### PROBLEM
Given the entries that follow, write out exactly the lines starting at the one containing "Retinol PROAGE Renewal" and ending at the one containing "Staats- und verwaltungsrechtliche", both ends included, and only those.

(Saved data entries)
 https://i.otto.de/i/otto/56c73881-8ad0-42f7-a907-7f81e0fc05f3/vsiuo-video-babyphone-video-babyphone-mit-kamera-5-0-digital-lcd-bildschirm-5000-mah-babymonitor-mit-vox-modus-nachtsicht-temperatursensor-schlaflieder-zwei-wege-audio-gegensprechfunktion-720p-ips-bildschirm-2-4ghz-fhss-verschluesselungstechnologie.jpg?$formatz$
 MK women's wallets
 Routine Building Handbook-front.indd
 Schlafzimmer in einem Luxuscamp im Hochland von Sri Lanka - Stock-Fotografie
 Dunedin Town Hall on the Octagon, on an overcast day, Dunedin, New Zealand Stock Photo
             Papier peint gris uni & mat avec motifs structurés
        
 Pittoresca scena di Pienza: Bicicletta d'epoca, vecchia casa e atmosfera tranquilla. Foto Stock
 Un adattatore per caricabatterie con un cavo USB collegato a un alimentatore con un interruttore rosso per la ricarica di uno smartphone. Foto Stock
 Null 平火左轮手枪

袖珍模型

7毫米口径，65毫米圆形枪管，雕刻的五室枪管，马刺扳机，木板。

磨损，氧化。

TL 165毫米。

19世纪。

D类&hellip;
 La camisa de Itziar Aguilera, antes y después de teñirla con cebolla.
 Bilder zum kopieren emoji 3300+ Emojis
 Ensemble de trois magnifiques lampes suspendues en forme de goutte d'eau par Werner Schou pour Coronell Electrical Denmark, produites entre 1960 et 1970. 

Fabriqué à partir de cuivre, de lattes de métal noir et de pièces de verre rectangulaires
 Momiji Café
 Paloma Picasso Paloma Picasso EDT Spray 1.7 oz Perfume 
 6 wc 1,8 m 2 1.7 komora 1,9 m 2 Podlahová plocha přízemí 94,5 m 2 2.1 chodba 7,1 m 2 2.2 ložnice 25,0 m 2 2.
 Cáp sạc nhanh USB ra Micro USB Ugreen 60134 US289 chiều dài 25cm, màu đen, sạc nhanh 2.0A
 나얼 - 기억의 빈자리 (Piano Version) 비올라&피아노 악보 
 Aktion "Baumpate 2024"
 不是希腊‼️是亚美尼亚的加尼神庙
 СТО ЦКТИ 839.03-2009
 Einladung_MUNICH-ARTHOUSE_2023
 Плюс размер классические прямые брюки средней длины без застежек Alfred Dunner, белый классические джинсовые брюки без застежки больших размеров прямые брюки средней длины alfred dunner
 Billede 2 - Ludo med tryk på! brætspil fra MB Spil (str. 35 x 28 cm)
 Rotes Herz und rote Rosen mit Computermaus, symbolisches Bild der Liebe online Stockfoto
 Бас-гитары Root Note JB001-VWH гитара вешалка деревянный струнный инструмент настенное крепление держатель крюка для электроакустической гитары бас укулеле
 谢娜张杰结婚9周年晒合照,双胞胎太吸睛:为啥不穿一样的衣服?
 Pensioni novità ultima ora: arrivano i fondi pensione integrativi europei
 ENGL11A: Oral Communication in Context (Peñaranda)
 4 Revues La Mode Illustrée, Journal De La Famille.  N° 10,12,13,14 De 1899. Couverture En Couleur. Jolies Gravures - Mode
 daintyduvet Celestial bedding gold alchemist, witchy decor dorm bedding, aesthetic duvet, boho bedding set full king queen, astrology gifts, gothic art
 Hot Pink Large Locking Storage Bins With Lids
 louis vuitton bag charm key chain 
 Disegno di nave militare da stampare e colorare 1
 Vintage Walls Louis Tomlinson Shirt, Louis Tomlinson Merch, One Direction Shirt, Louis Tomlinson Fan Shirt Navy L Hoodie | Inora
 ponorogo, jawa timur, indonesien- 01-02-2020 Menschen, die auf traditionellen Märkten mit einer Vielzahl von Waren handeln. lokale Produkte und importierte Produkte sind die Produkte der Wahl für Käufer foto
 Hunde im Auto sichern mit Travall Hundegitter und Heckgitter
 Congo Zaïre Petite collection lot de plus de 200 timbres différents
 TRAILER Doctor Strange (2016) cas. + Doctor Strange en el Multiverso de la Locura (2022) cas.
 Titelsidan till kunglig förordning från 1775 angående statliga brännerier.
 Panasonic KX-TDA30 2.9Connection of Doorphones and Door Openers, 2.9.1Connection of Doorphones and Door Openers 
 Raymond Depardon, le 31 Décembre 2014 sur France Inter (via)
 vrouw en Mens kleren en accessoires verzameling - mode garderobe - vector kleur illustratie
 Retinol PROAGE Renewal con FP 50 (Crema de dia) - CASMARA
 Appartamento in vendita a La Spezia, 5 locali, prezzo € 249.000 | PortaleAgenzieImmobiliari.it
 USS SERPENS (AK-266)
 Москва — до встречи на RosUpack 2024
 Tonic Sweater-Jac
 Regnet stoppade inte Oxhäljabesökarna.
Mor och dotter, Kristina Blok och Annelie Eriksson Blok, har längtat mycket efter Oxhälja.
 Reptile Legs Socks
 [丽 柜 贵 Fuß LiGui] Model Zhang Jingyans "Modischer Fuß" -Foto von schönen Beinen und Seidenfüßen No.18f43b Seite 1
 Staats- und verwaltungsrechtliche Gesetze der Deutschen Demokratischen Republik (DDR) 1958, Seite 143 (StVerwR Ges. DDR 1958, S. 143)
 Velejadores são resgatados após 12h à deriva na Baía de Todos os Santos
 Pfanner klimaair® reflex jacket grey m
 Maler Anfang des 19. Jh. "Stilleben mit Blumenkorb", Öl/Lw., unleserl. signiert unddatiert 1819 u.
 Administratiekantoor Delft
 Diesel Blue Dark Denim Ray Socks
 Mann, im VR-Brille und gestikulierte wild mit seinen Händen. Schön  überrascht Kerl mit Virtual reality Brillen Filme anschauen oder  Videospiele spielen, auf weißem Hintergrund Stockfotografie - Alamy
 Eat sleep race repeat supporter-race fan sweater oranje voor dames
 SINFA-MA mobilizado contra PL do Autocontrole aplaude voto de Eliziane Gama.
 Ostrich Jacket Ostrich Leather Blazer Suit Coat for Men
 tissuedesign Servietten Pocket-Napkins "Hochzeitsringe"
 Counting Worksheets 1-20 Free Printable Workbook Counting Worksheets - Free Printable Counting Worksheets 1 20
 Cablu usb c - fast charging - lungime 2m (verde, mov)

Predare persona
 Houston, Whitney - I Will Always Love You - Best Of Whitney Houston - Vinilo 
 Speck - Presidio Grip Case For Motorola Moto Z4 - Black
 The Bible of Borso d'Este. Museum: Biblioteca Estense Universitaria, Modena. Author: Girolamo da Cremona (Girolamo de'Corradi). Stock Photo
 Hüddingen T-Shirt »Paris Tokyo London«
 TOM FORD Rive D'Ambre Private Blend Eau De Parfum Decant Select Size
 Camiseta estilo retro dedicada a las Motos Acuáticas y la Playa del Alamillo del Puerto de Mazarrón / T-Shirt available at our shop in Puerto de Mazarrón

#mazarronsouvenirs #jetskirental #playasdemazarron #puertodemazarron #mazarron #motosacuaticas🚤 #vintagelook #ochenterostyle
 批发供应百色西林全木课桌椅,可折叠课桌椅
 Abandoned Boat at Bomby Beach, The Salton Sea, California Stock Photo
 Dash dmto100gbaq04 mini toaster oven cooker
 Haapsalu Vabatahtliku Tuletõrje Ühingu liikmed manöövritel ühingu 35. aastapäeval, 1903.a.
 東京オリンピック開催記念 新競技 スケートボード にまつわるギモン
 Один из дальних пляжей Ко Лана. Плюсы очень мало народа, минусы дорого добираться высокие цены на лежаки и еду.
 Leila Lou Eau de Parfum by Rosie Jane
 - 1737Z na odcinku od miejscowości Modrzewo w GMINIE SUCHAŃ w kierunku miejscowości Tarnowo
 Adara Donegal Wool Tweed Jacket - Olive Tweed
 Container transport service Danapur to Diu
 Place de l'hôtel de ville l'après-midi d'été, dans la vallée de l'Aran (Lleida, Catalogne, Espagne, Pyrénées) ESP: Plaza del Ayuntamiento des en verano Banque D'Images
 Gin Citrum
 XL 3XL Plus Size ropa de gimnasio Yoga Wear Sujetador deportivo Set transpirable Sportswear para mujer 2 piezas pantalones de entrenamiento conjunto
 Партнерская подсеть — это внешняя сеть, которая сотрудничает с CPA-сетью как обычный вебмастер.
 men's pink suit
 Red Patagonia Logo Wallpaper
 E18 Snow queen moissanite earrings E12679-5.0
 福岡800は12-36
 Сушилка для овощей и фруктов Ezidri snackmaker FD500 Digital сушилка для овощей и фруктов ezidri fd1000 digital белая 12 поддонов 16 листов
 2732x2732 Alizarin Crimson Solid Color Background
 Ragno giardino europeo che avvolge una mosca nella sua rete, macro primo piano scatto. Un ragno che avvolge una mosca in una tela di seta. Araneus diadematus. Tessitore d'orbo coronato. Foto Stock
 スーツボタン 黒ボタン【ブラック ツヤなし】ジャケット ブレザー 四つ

### RESULT
 Retinol PROAGE Renewal con FP 50 (Crema de dia) - CASMARA
 Appartamento in vendita a La Spezia, 5 locali, prezzo € 249.000 | PortaleAgenzieImmobiliari.it
 USS SERPENS (AK-266)
 Москва — до встречи на RosUpack 2024
 Tonic Sweater-Jac
 Regnet stoppade inte Oxhäljabesökarna.
Mor och dotter, Kristina Blok och Annelie Eriksson Blok, har längtat mycket efter Oxhälja.
 Reptile Legs Socks
 [丽 柜 贵 Fuß LiGui] Model Zhang Jingyans "Modischer Fuß" -Foto von schönen Beinen und Seidenfüßen No.18f43b Seite 1
 Staats- und verwaltungsrechtliche Gesetze der Deutschen Demokratischen Republik (DDR) 1958, Seite 143 (StVerwR Ges. DDR 1958, S. 143)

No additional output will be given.